Maybe an ex or two really did miss out or really does think you’re awesome — but, you know what? Not relevant.
So, of course you can choose not to respond to an ex who pops up with an email or text or call out of the blue. If you’re forced to respond by circumstance — say, you run into each other at a party or something — then just say it’s in the past and you are not interested in revisiting it, then excuse yourself for a bathroom run/drink refresher/”Oh, there’s Mazie, excuse me — good to see you.”
Right? There isn’t more to this on your end, is there?
Obviously if all parties involved are open to friendship, then that’s a different answer — one that doesn’t start with a question about guys who see you as the one who got away.
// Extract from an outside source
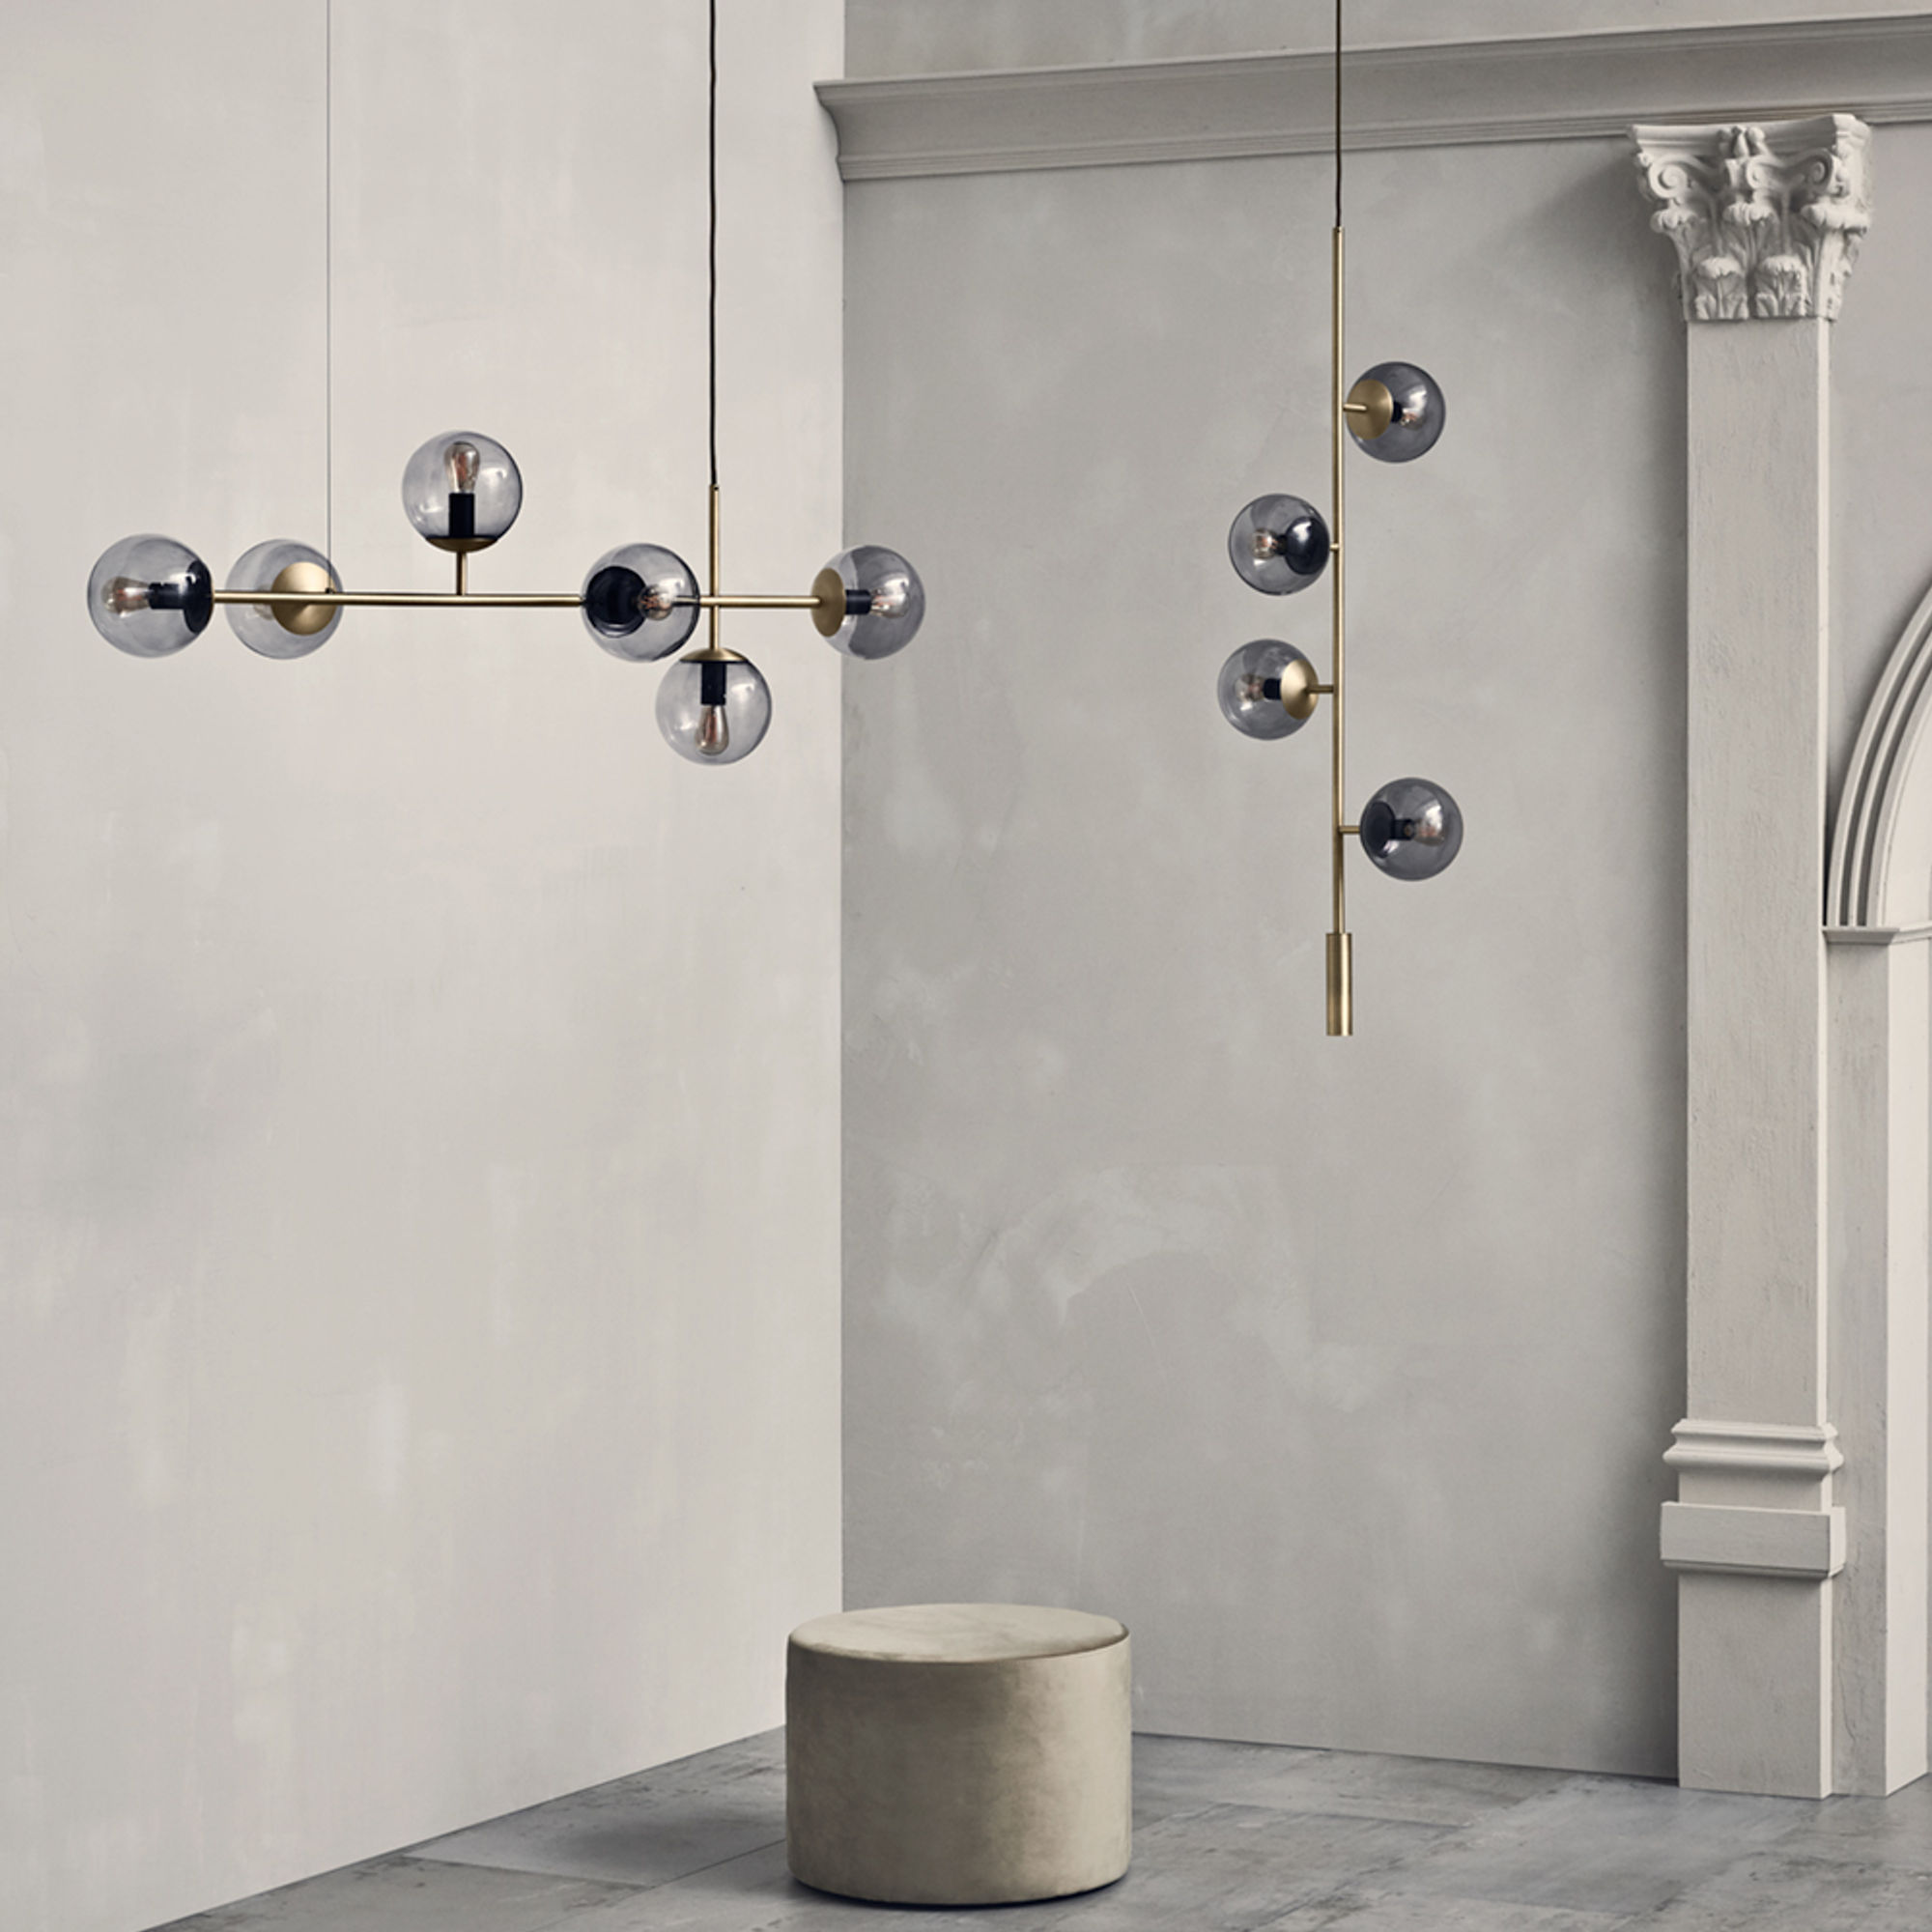 The Orb Lounge Pendant by Bolia 7

DEAR CAROLYN: My husband and I want to have kids soon. The problem is that my job is grant-funded from year to year, so it’s unclear what my situation will be next year at this time. I am also looking for jobs. My husband is considering joining the military as an attorney. We wouldn’t have a definitive answer until about nine months from now. Then, if he’s accepted and he completes training, we’d likely have to move and I’d need to find another job.
Everyone keeps telling me there is never a perfect time to have a baby, so part of me thinks we should go for it and part of me thinks that would be financially irresponsible. Any thoughts?
DEAR RIGHT TIME?: There is never a perfect time to have a baby.
There are responsible and irresponsible ones, though, you’re right. So: Are you saving money? Do you have a cushion? Do you have a place to go if you bottom out? Have you developed wise spending habits? Can you adjust your circumstances and lifestyle to get by on one salary, just in case? With a baby?
And if work is a must: Are your skills portable from one area to the next or one career field to the next? If not, can you retrain now (at community college, say) for a more portable career? Can you become an independent contractor or work remotely?
The military is “real stability,” by the way — it’s just of a different kind from the one you’re accustomed to.